KARATINA MUNICIPAL COUNCIL V SIMON MAINA WAITHAKA [2005] KEHC 2954 (KLR) | Special Damages Proof | Esheria

KARATINA MUNICIPAL COUNCIL V SIMON MAINA WAITHAKA [2005] KEHC 2954 (KLR)

Full Case Text

REPUBLIC OF KENYA

IN THE HIGH COURT OF KENYA

AT NYERI

CIVIL APPEAL NO.71 OF 2003

KARATINA MUNICIPAL COUNCIL…….....................................…PLAINTIFF

VERSUS

SIMON MAINA WAITHAKA…………………................................DEFENDANT

(Appeal from the judgment and orders of the Chief Magistrate dated Nyeri

CMCC No.746 of 2002 by Mr. Kaburu Bauni Esq. (CM)

J U D G M E N T

Karatina Municipal Council (hereinafter referred to as the Appellant) is dissatisfied with part of the judgment and orders made by the Chief Magistrate Nyeri in Nyeri CMCC 746 of 2002 dated 28th May 2003, in which the trial Magistrate found the claim of Simon Maina Waithaka(hereinafter referred to as the Respondent)partly proved and entered judgment for Kshs.40,340/- being special damages claimed by the Respondent from the Appellant. The Appellant has raised 4 grounds in his memorandum of appeal.

In effect the Appellant contends that the trial Magistrate erred in giving judgment for the Defendant for the special damage of Kshs.40,340/- which damage was not specifically proved, and that the trial Magistrate further erred in giving a judgment which was contradictory as the trial Magistrate had found that the Respondent had erected an illegal structure and had been served with notice to remove the same and could not therefore be compensated by the Appellant for the removal of the same.
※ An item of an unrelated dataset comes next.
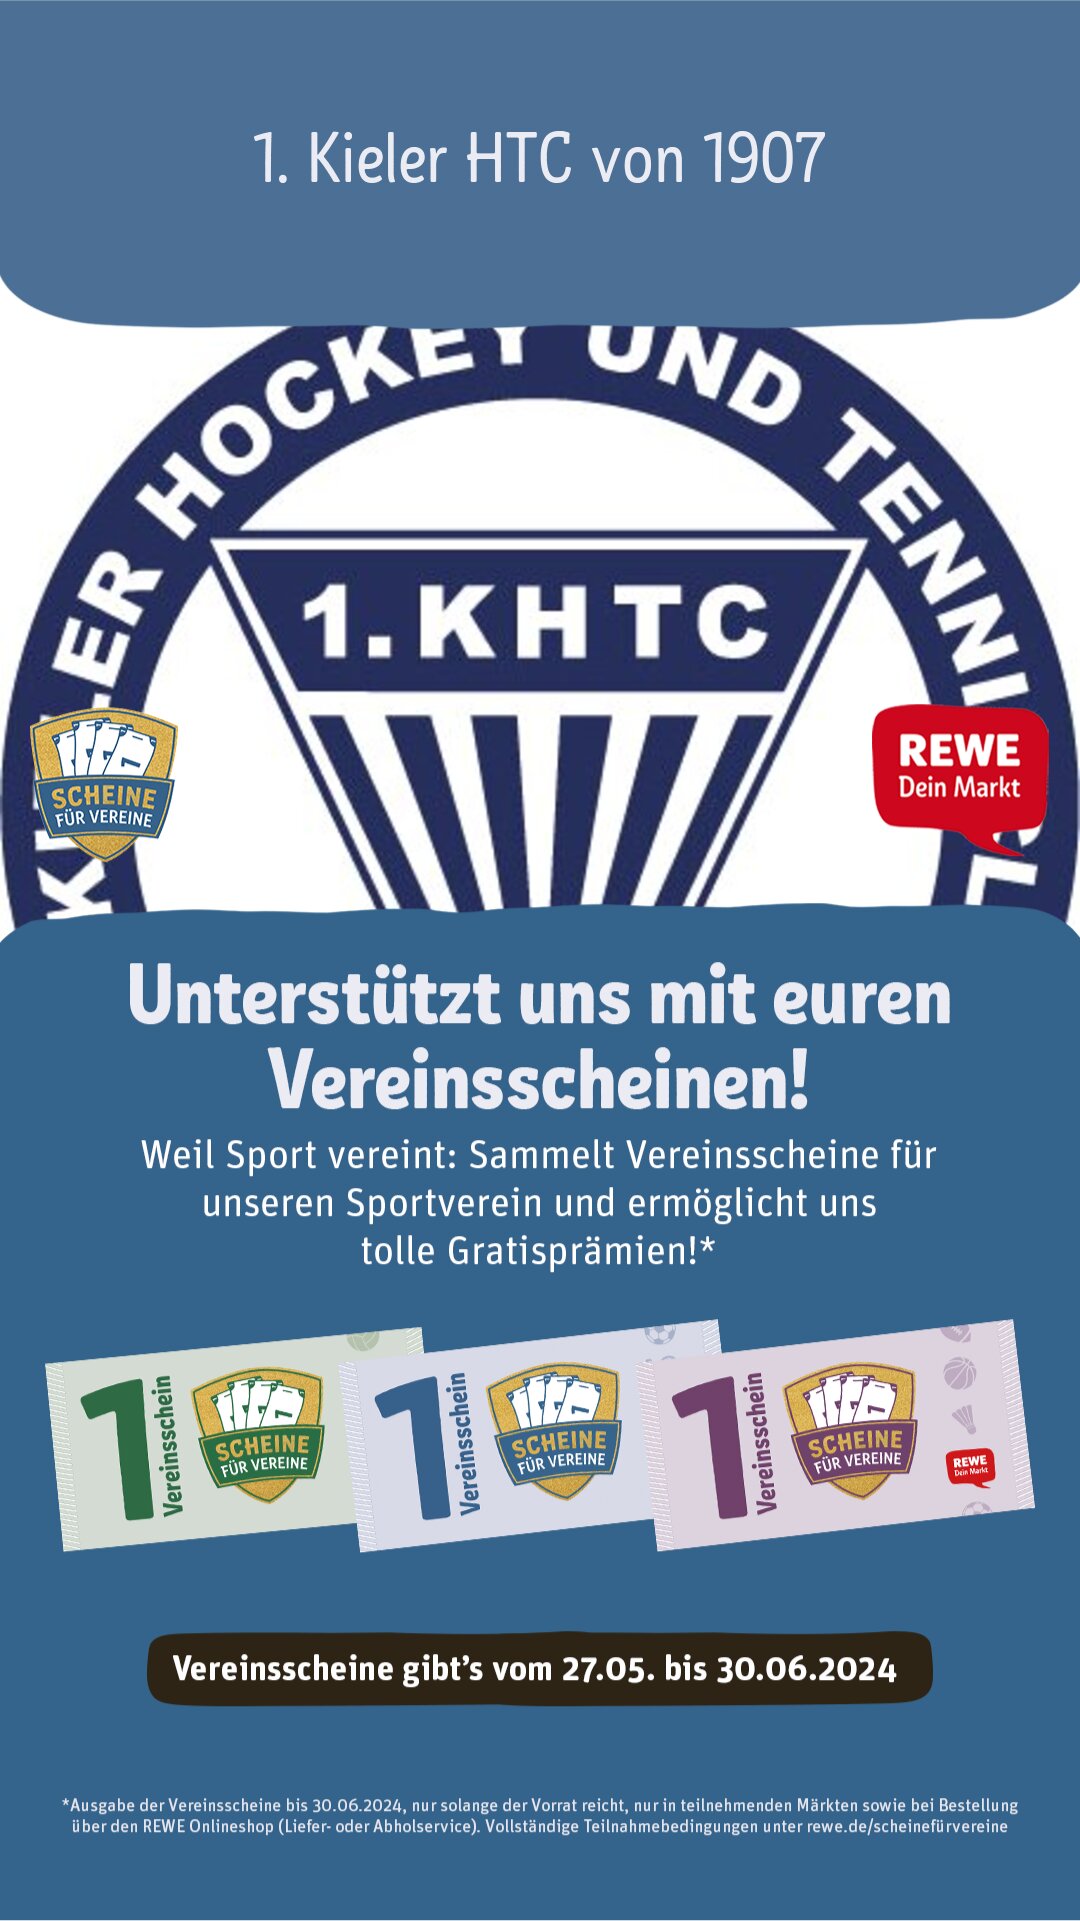 REWE Scheine für Vereine | 1. Kieler HTC von 1907 e.V.
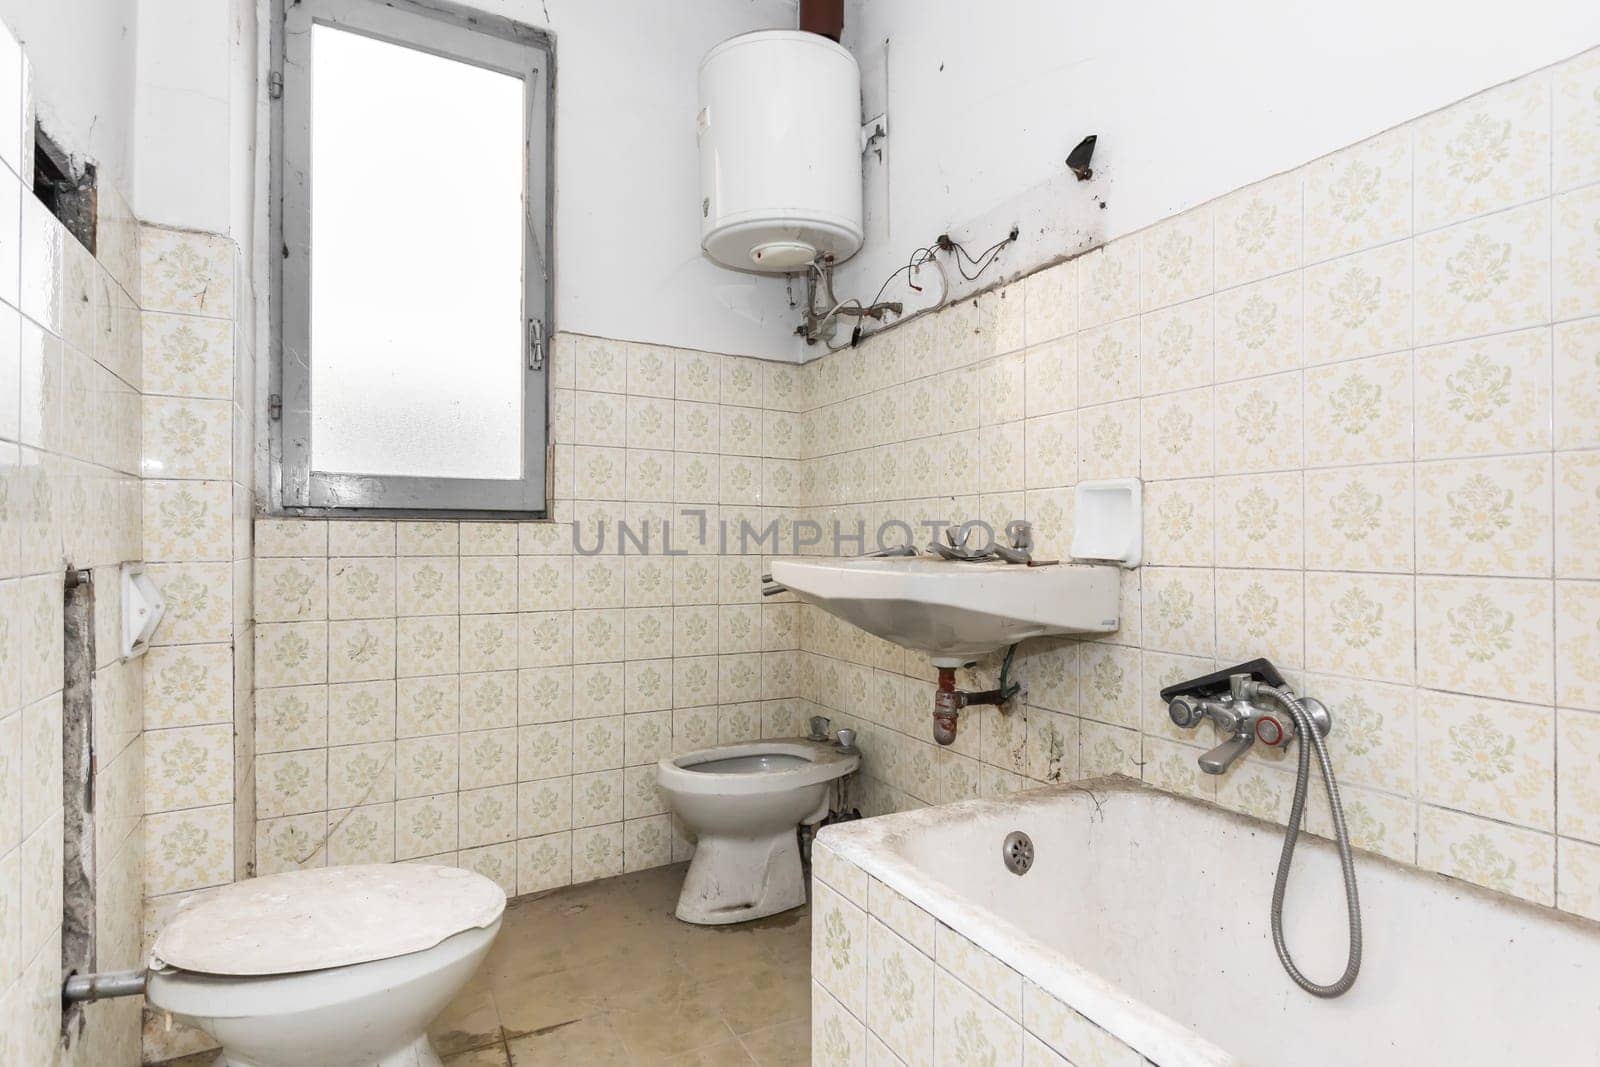 Dirty old bathroom by germanopoli

The Respondent filed a cross appeal against part of the judgment in which the trial Magistrate dismissed his claim for general damages. Four grounds were preferred in which the Respondent maintained that the Appellant had unlawfully encroached onto the Respondent’s land and the trial Magistrate therefore erred in holding that the Respondent suffered no loss and that the trial Magistrate erred in holding that a claim for general damages for trespass was a special loss which ought to have been pleaded in monetary terms and also in failing to appreciate that the evidence adduced on the value of the suit land was aimed to assist the court in assessing general damages.

It is apparent from the plaint that the Respondent’s claim for special damages was for a demolished iron sheet fence. He particularised the special damages as:-

(a) Iron sheets       Kshs.16,640/-

(b) Timber frames Kshs. 6,000/-

(c) Posts                  Kshs. 4,400/-

(d) Others                Kshs.13,300/-

It is an established principle of law that special damages must be specifically pleaded and proved. In his evidence however the Respondent stated:-

“I had fenced using iron sheets and posts. I cannot remember how many iron sheets and posts. The value of the fence removed was more that Kshs.40,000/-. I cannot recall the exact value.”

No other evidence was given in support of the alleged special damages nor was any effort made to explain what were“others” valued at Kshs.13,300/-. I concur with the advocate for the Appellant that the evidence adduced fell short of proving the special damages and the trial Magistrate therefore ought not to have awarded any special damages.

As regards the claim for general damages the Respondent in paragraph 7 and 8 of the plaint pleaded as follows:-

7. “The Plaintiff’s plot No. Karatina Block B – 179 has been greatly reduced in acreage and its market value has been immensely reduced.

8. “The Plaintiff’'s claim against the Defendant is for special and general damages for trespass to land arising from the loss of market value of plot No. Karatina Block B1 – 179 as a direct result of the Defendant’s unlawful acts aforesaid.”

To succeed in his claim the Respondent had to prove that the market value of his plot had immensely reduced as a direct result of the Appellant’s actions. In his evidence however the Respondent testified that He sold the plot at a price of Ksh.3. 4 million which was way above its stated market price of Kshs.2. 9 million Although the Respondent claimed He had initially received an offer of Kshs.4. 5 million, there was no evidence adduced to this effect nor is there any evidence that if indeed the offer fell from Kshs.4. 5 million to Kshs.3. 4 million it was due to the actions of the Appellant. I find that the Respondent failed to prove his claim for general damages as pleaded and the trial Magistrate was therefore right in rejecting the same.

The upshot of the above is that this appeal succeeds. Accordingly I dismiss the Respondent’s cross appeal and allow the Appeal. I set aside part of the judgment of the trial Magistrate giving judgment in favour of the Respondent for Kshs.40,340/- and substitute it thereof with an order dismissing the Respondent’s claim against the Appellant in its entirety

The Respondent shall pay costs of this appeal and that of the lower court to the Appellant.

Orders accordingly.

Dated, signed and delivered this 8th day of February 2005.